Why phoenix channel close after rejoin

channels
phoenix
websockets

#1

Hi. I connect to WS, then join to channel room:lobby send command ["1","1","room:lobby:1","phx_join",{}]. Question. Why when I join to channel again, send command ["1","1","room:lobby:1","phx_join",{}] i get "phx_close" phoenix closed channel, what the main idea? I know the way how to not close channel if I join to the channel again:

  def join("room:lobby:" <> room_id, _message, socket) do
    user_id = socket.assigns.user_id
    case user_id do
      ^room_id ->
        send(self(), :do_something)
        {:ok, socket}
      _ ->
        {:error, ErrorView.render("403.json")}
    end
  end

  def handle_info(:do_something, socket) do
    user_id = socket.assigns.user_id
    push socket, "init_state", %{response: "bla bla"}
    {:noreply, socket}
  end

In this case, I always get a response "bla bla" after the join. What the best practice?


#2

From the same socket? If so, probably because phoenix detects that you’ve already joined this channel once and closes your second join attempt so as to avoid duplication.


#3

I believe this source code refers to the issue that @sergey-chechaev is having : https://github.com/phoenixframework/phoenix/blob/v1.4/lib/phoenix/socket.ex#L697

You can turn on logger level debug to see if you’re getting the relevant error message.


#4

But why close channel? Instead not join and get a warning.


#5

Not joining a channel is the same as closing it, in my view. And there is a warning as @sb8244 has pointed out above.


#6

Internally, Phoenix represents 1 channel per topic on a socket. A socket process cannot have 2 channel processes with the same topic.

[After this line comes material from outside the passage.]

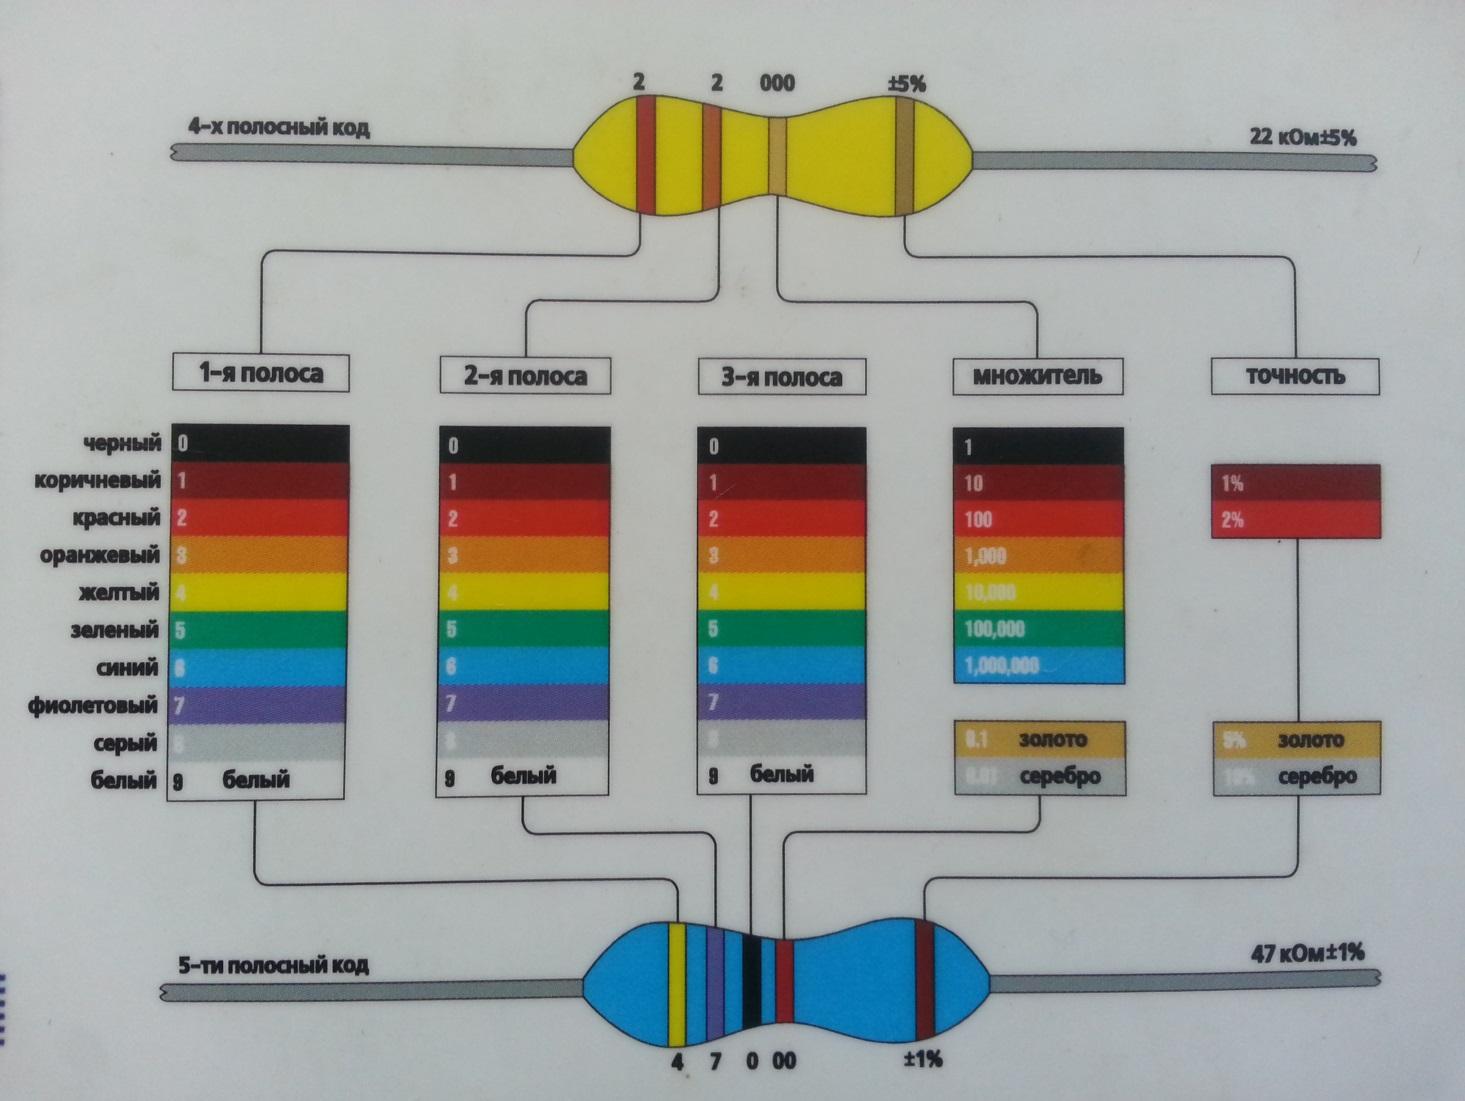 Мощность резистора на схеме 2 полосы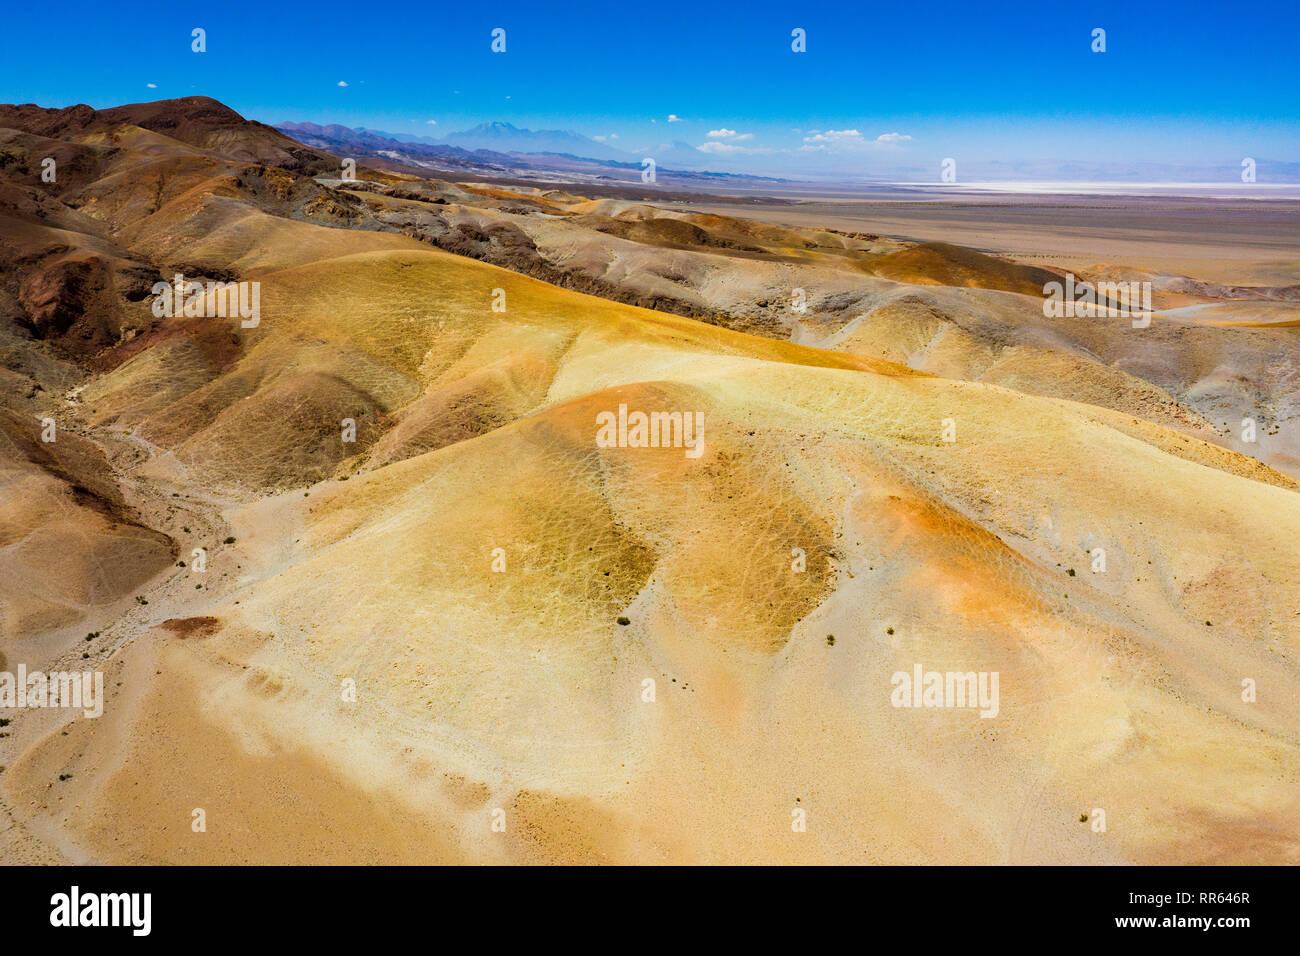 Luftaufnahme der mineralienhaltigen Erdoberflaeche der Atacama Wueste. - Stock Image

You can see a bit of this being reflected in code like https://github.com/phoenixframework/phoenix/blob/master/lib/phoenix/socket.ex#L455

From a purely theoretical stance, it does make sense to me that 1 instance of a socket can only have unique channels, as having duplicate channels wouldn’t be very helpful to that socket (although could still have some edge use cases).


#7

I’d imagine that it’s expected that if the client connects again it might have “lost” the prev. connection (even just at the application level) and it’s safer to just use the new connection instead of trusting that the old one is still working.